HP Microserver – Ubuntu 11.04 Setup

James Young · June 2, 2011

On Wednesday, I received my $199 (!!!) HP Microserver.  This little beauty is a low-cost, low-power solution for anyone who wants a tiny NAS or otherwise always-on box.

HP Microserver with AMD N36L

As standard, this unit comes with one 250Gb SATA disk drive, no DVD drive, 1Gb of PC3-10600 unbuffered ECC memory, and an AMD N36L processor.  It also comes equipped with all the drive chassis required to go up to 4 internal drives.  Memory can be upgraded to 2x4Gb of PC3-10600 in either ECC or non-ECC formats, unbuffered only.  I upgraded it straight away to 8Gb of RAM with two Kingston 4Gb unbuffered PC3-10600 CAS 9 DIMMs.

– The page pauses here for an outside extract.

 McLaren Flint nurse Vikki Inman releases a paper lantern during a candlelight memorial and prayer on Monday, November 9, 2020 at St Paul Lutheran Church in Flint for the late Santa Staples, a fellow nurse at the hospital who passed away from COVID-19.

The N36L processor is the kind of processor usually found on netbooks or laptops - it’s a dual-core 1.3GHz 64-bit processor, and even comes with AMD’s VT-d hardware virtualization support.  The motherboard has an integrated onboard USB port, as well as the four USB ports on the front and two on the back.

So, what to do with this thing?  Well, I currently have a box that’s running a compactflash card for storage, but it’s a horrible CPU and has hardly any memory (256Mb).  As a result, it’s slow.  But it uses very little power.  I want to make this as a replacement for that, which means power is at a premium.

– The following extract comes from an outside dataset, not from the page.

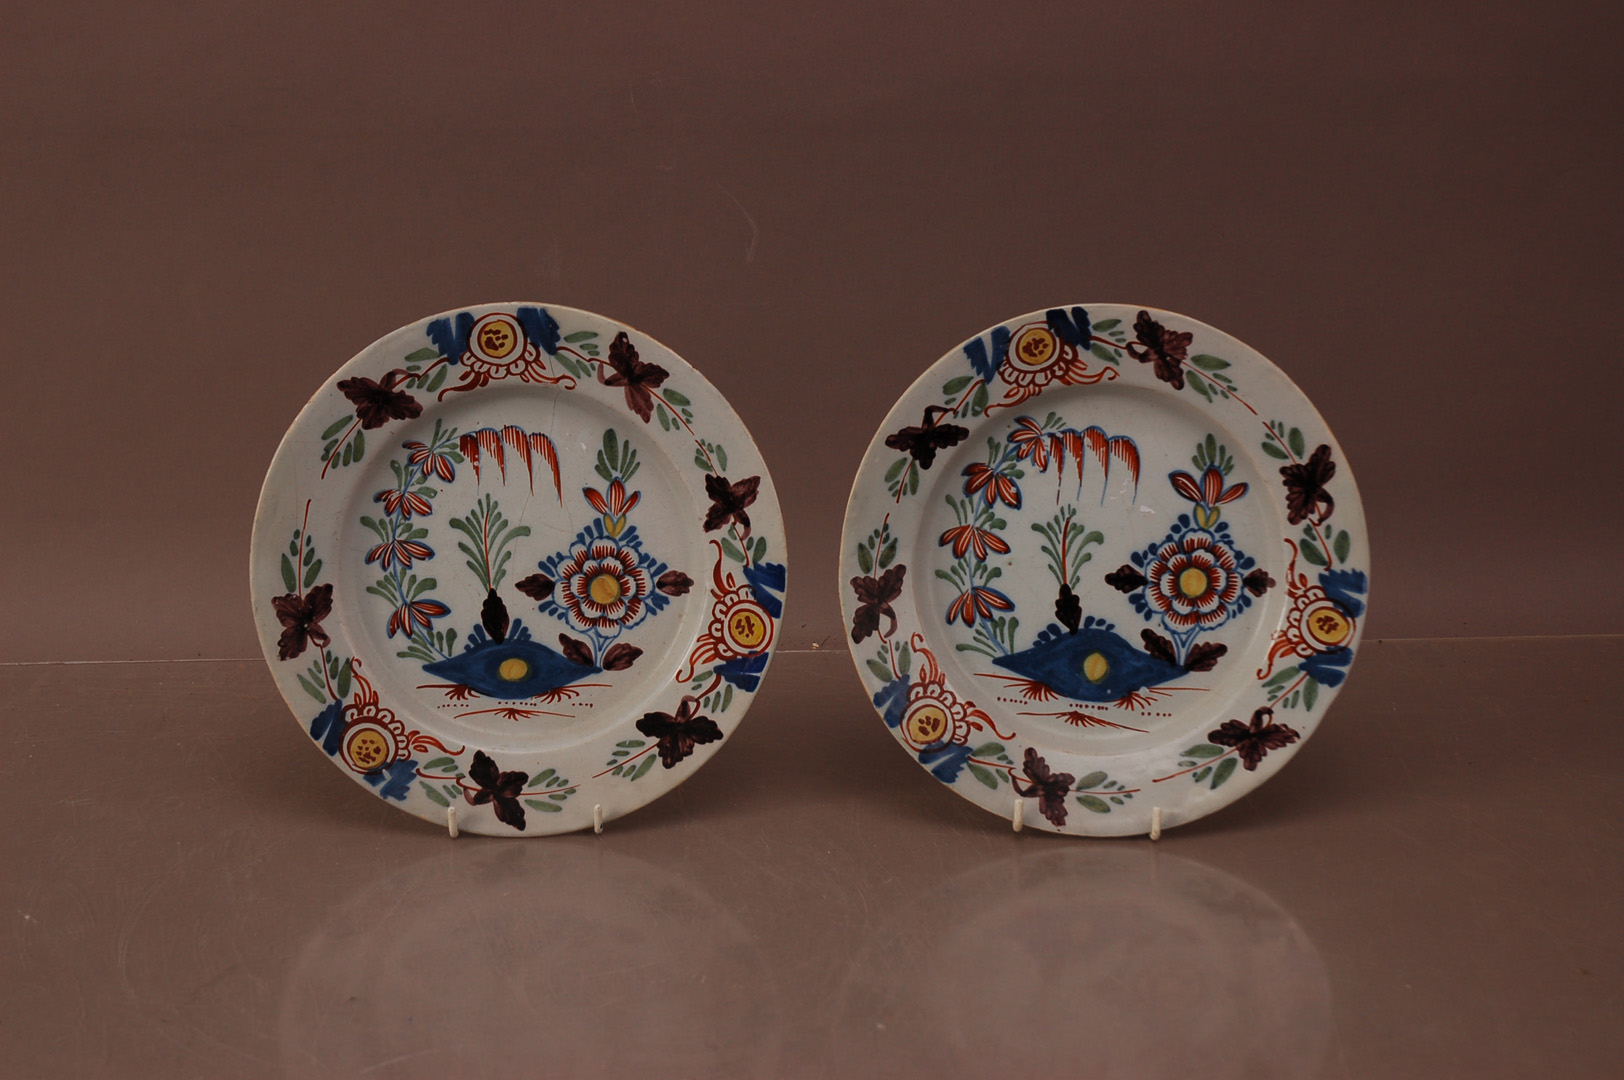 A pair of early 19th Bristol Delft fazakerley plates, with hand painted floral decoration 22.5cm

As such, my plan was to run a *nix off of a USB key.  I also wanted a good filesystem so I could use the thing as a NAS when i get more physical drives.  I first toyed with the idea of Oracle Solaris 11 Express running ZFS, but I abandoned that because I didn’t like Solaris.

Then I had the idea of running Ubuntu Server with ZFS from the ZFS On Linux project.  That worked, but I locked up my Ubuntu 32-bit server install when I copied a file.  I then discovered that ZFS is really memory hungry and you should use a 64-bit OS.  So I swapped to Ubuntu Server 64-bit.  It worked.  But then I found out that ZFS can’t grow a stripe vertically, so if I upgraded to bigger drives I’d be in the poo.  Plus it’s really a bit complex for what I want.

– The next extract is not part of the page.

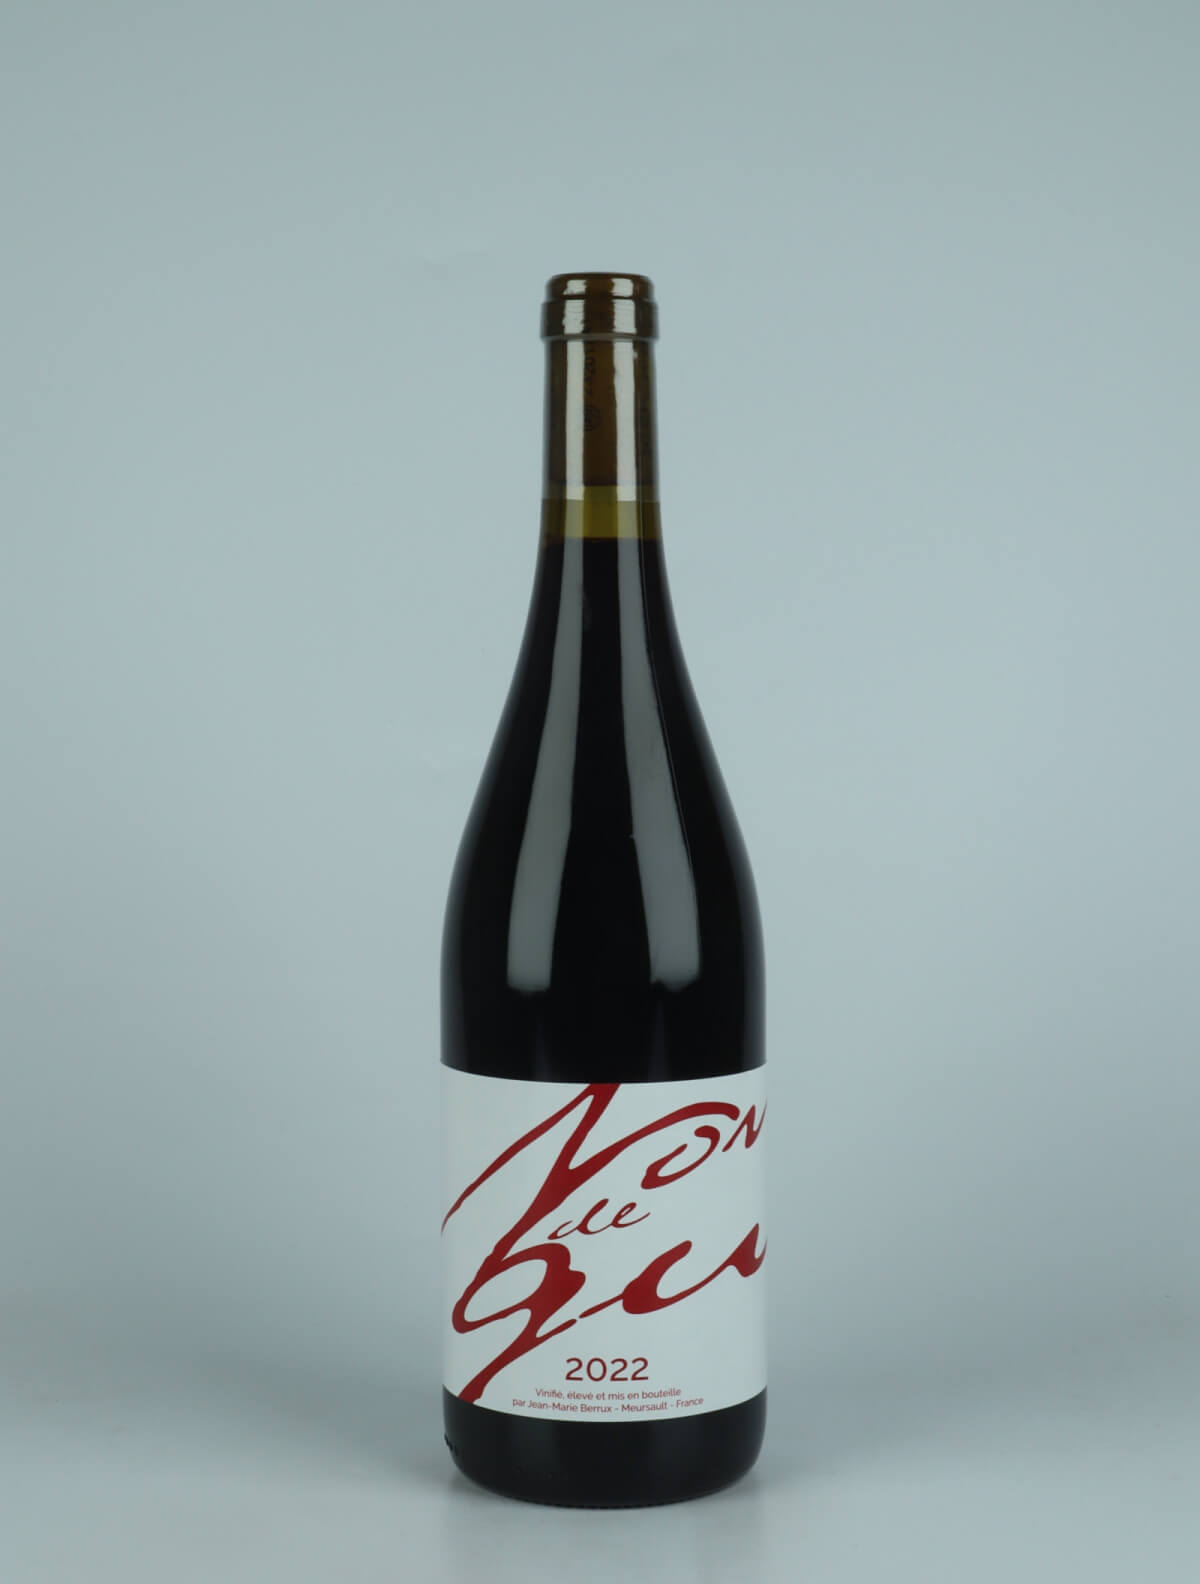 A bottle 2022 Nondegu Red wine from Jean-Marie Berrux, Burgundy in France

So what I wound out settling on was good old’ MDADM with LVM and EXT4, running on Ubuntu Server 64-bit.

Next up was to install the O/S.  I have a 16Gb HP USB key sitting here, which is reasonably fast for something about 1cm longer than a USB plug.  Running hdparm gives me about 25 Mb/sec out of it, which is acceptable for this purpose.

Installation is straightforward, you basically follow the bouncing ball.  Pull out the 250Gb drive so nothing plays silly buggers, and when you get to the partitioning section you’ll have to adjust things significantly.  I used guided partitioning with LVM, but then edited everything.  You’ll need to recreate your swap to a more sane size (like 2Gb), and set your root to about 6gb.  I’d advise against just inflating the root to the size of the volume group, otherwise there’s no point using LVM.  Keep the spare space in reserve.

Now, there’s a few things to keep in mind with a USB key as your boot device.  You don’t want to use a journalling filesystem, since it will kill the USB key in short order.  You also don’t want to use the atime feature, since that will also kill the USB key.  So, change your root partition settings to use ext2 (non-journalling), and in options set the noatime flag.  Other options should be fine.

After installation, you should be able to boot up off the USB key into a working Ubuntu Server install.  There’s a few other optimizations to be made.  Edit your /etc/fstab and add dirnoatime to the options for your root.  Then edit /etc/rc.local and add these commands;

echo noop > /sys/block//queue/scheduler echo 10 > /proc/sys/vm/swappiness

Be warned.  Your USB key will be the device letter of the last drive you have in the system.  So if you have two physical drives plugged into the array and the USB key, the USB key will be /dev/sdc .   GRUB and /etc/fstab doesn’t mind since they use UUID’s, but the above commands do.  Just keep that in mind.

I’ll write up some stuff about setting up MDADM when I get some drives to go in it.  But as it is, the Microserver looks like a pretty decent box for someone who wants a low power, lightweight storage box which can also do other stuff.